This week, the American Society of Addiction Medicine (ASAM) will release the new edition of ASAM’s criteria: “The ASAM Criteria – Treatment Criteria for Addictive, Substance-Related, and Co-Occurring Conditions.” As Chief Editor, I am especially excited as October 24, 2013 culminates over two years of direct work on the new edition. (It has been 12 years since the last edition of ASAM’s criteria.)
For those of you familiar with The ASAM Criteria, you’ll be pleasantly surprised once you get your hands on the new manual. It is attractive, user-friendly and leaps and bounds ahead of previous editions. There is new content and it helps you apply the criteria in a variety of clinical settings and for different populations.
Both for long-time Criteria users and for readers who do not know The ASAM Criteria, here are highlights of what you will see in the new edition. (There is also more information about what’s new in this year’s May 2013 edition of Tips and Topics.)
TIP 1
Expand your knowledge about multidimensional assessment and the levels of care.

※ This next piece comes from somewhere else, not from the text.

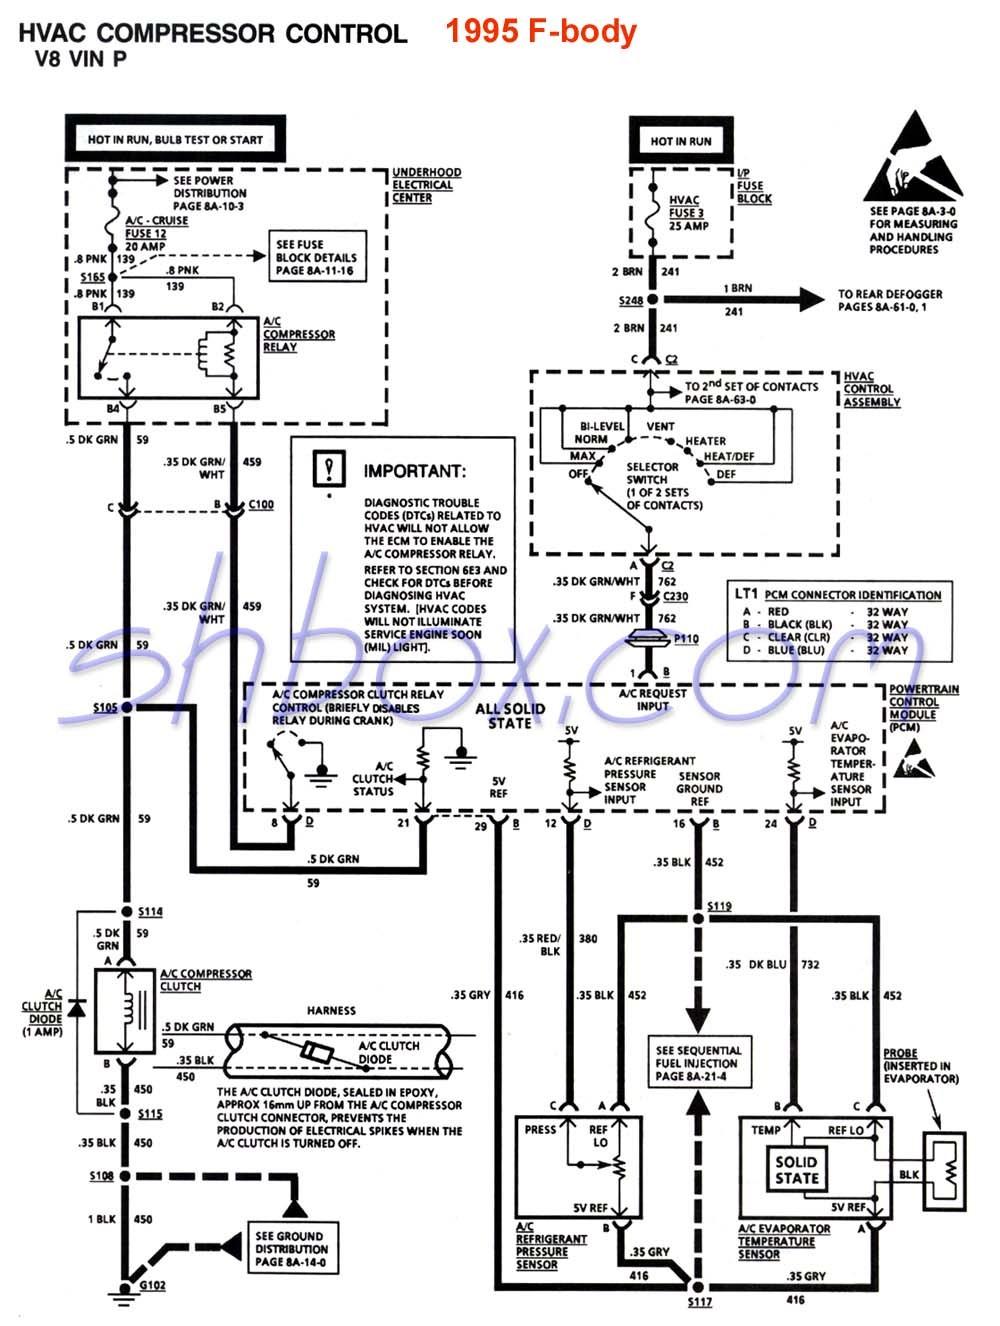 ac compressor wiring diagram Collection-gm hvac diagrams wiring diagram hvac reciprocating pressor diagram 4th gen lt1 f body tech aids 18-d
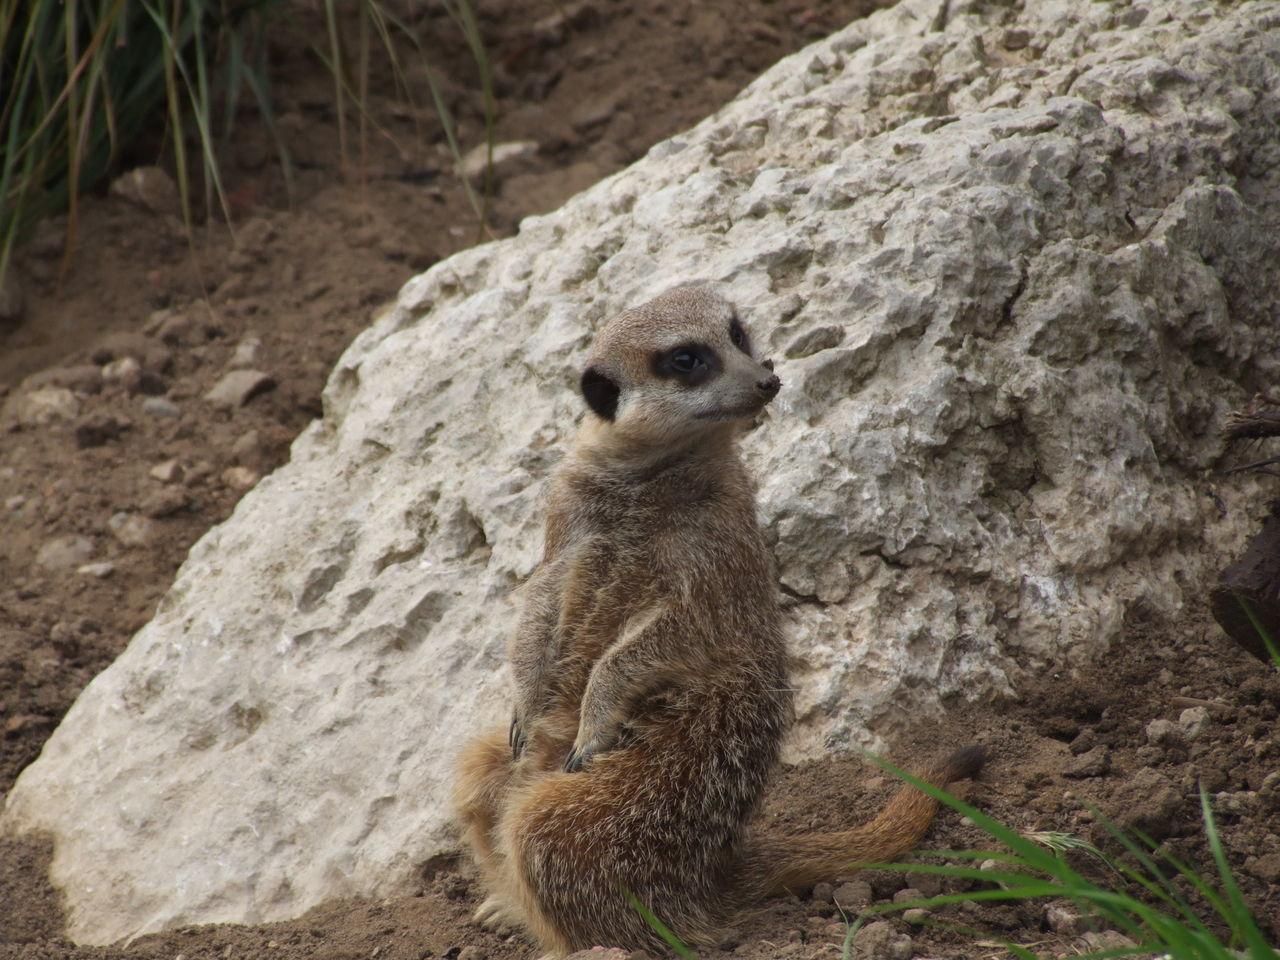 Animal Themes Animal Wildlife Animals In The Wild Day EyeEm Best Shots Mammal Meerkat Nature No People One Animal Outdoors

*Changes in Dimension 1, Acute Intoxication and/or Withdrawal Potential
Instead of detoxification services, the new edition now refers to withdrawal management services. This is because the liver “detoxifies” but clinicians “manage withdrawal.”
This isn’t just playing with words. There are good reasons to think about managing a patient’s withdrawal rather than just “detoxifying” the patient.
Common Case Scenario
*Level 1, Outpatient Services
Outpatient services are often used as the entry point at the beginning of recovery, or a brief “aftercare” level for people who have “graduated” from intensive addiction treatment. In the new edition, we emphasize that addiction is a chronic illness, and many clients need ongoing disease management in Level 1 – indefinitely.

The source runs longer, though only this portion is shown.